Needless to say when installing Windows 2003 clustering I had all the usual problems with clustering MSDTC. My boss thinks I’m just rubbish at it, she may well be right. It seems that I do exactly what I’m meant to, then try to cluster it, and it doesn’t work. So I remove it all and start again, and then it works. One learning point: enable network DTC as per this article, then before you install clustering, ensure the DTC service is stopped.

I also had a few weird issues with the quorum disk and with some of the other partitions, but I’m assuring myself these were simple glitches, everything seems stable now.

SQL Bits 4

On Saturday last weekend I travelled up to Manchester to present at SQLBits4. This was my first ever trip to Manchester and it was great! It was held at Manchester Metropolitan University.
 
SQLBits is a community conference event. Speakers are not paid and delegates attend for free; the event is entirely funded by sponsors. It has an excellent ethos, and people at it, both presenters and attendees, are giving up a day of their weekend to further their knowledge.
 
I also presented at SQL Bits 2 which was held just over a year ago in Birmingham. That time I presented on ‘TSQL Enhancements in SQL Server 2008’ (which hadn’t even been released at that time). This time I presented on Clustering SQL Server. My slot was last thing in the day (3.50 to 5pm), but I still got a good turn out for a relatively obscure/esoteric subject. I have had some nice, positive feedback from attendees and have supplied the slides and some other documents to those who have asked for them. You can also download my slides from the SQLBits website here.
 
Partly what made this a really enjoyable weekend was that I travelled up on Friday afternoon and stayed in the Macdonald Hotel with the other speakers, and my girlfriend Anna came with me. The speakers, organisers and some of the sponsors went out for dinner on Friday night, a fabulous Chinese buffet.

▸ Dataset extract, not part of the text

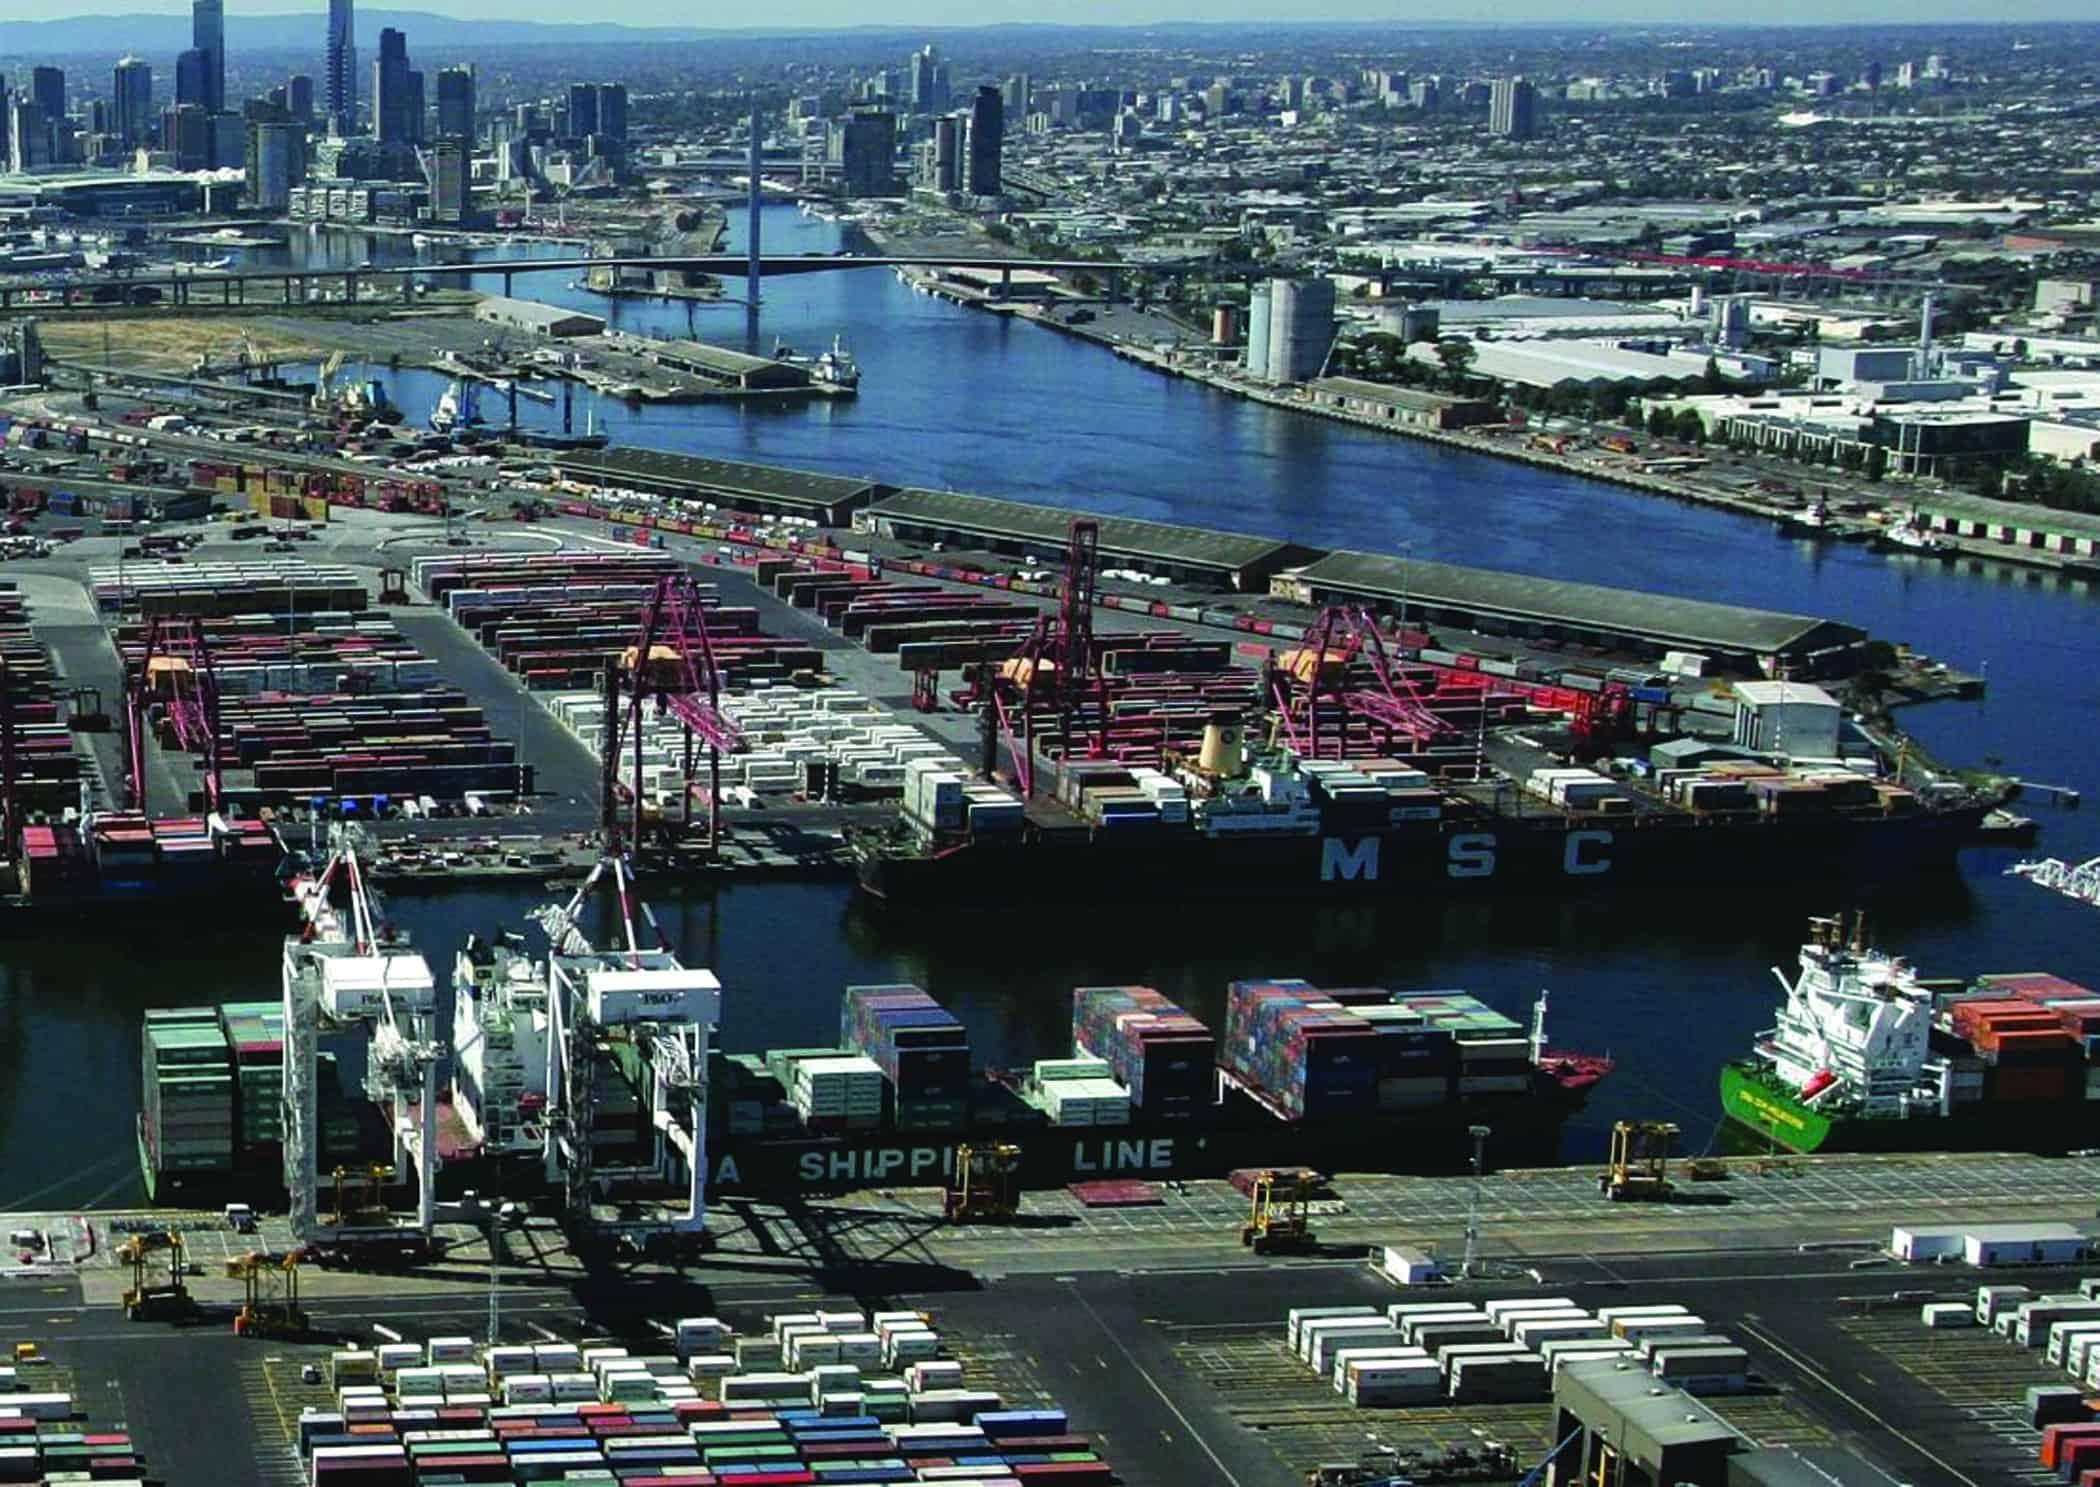 DP World seeks to challenge 750% rent hike at Port of Melbourne

The hotel was absolutely wonderful – one of the finest beds I’ve ever slept in (vast!), and a shower that was like a massage.

Brad McGeehee, one of my fellow speakers, and eminent SQL Server guru, has posted about the day and has included some pictures on his blog. Chris Webb has also posted a nice blog about it here.

 
If you are involved in SQL Server at all, in any capacity, I would warmly recommend future SQL Bits events to you. It’s free – it’s top quality content (I say this as an attendee, not just a speaker). It’s fun, it’s a great way to network, and great opportunity to meet your peers. Who knows, you might even get lucky and get given off a day off in lieu by your employer (you should ask – what’s the worst thing that can happen!?).
 
I hope to see you at future events.

SQL Server 2008 Clustering on Windows 2003 Server

This morning I am playing with clustering SQL Server 2008 on Windows 2003 for the first time. This is to prove that we will be able to install a new SQL Server 2008 instance into our existing 4-node, 4-instance cluster at work, which is currently Windows 2003 Server with SQL Server 2005 instances. It took a while to get hold of a test cluster, but I finally have it.

I have set up clustering (with the usual MSDTC hassles!), and a SQL 2005 instance. Created a group for the first 2008 instance, ran the setup for 2008, did the prerequisites, Hotfix for MS Installer, .Net 3.0 whatever it is, then went through the WHOLE set up .. which is about 12 screens full of configs, etc -everything basically, no I don’t want to use FILESREAM .. and the final page, it tells me I can’t proceed because I haven’t installed a hotfix for FILESTREAM for Windows 2003 Server. GRRRR!!

I don’t even WANT to install pesky FILESTREAM! So I had to cancel out of that entire setup, download the Hotfix (KB937444), install it, reboot both nodes, then start again from scratch. Big GRRR! Anyway, I’m getting there now. Will post some details on the setup with screenshots when I’ve done it.

By the way, this is my first ever blog post! My name is Tom Pullen and I am a Senior DBA (Database Administrator) in Oxfordshire, UK. More to come!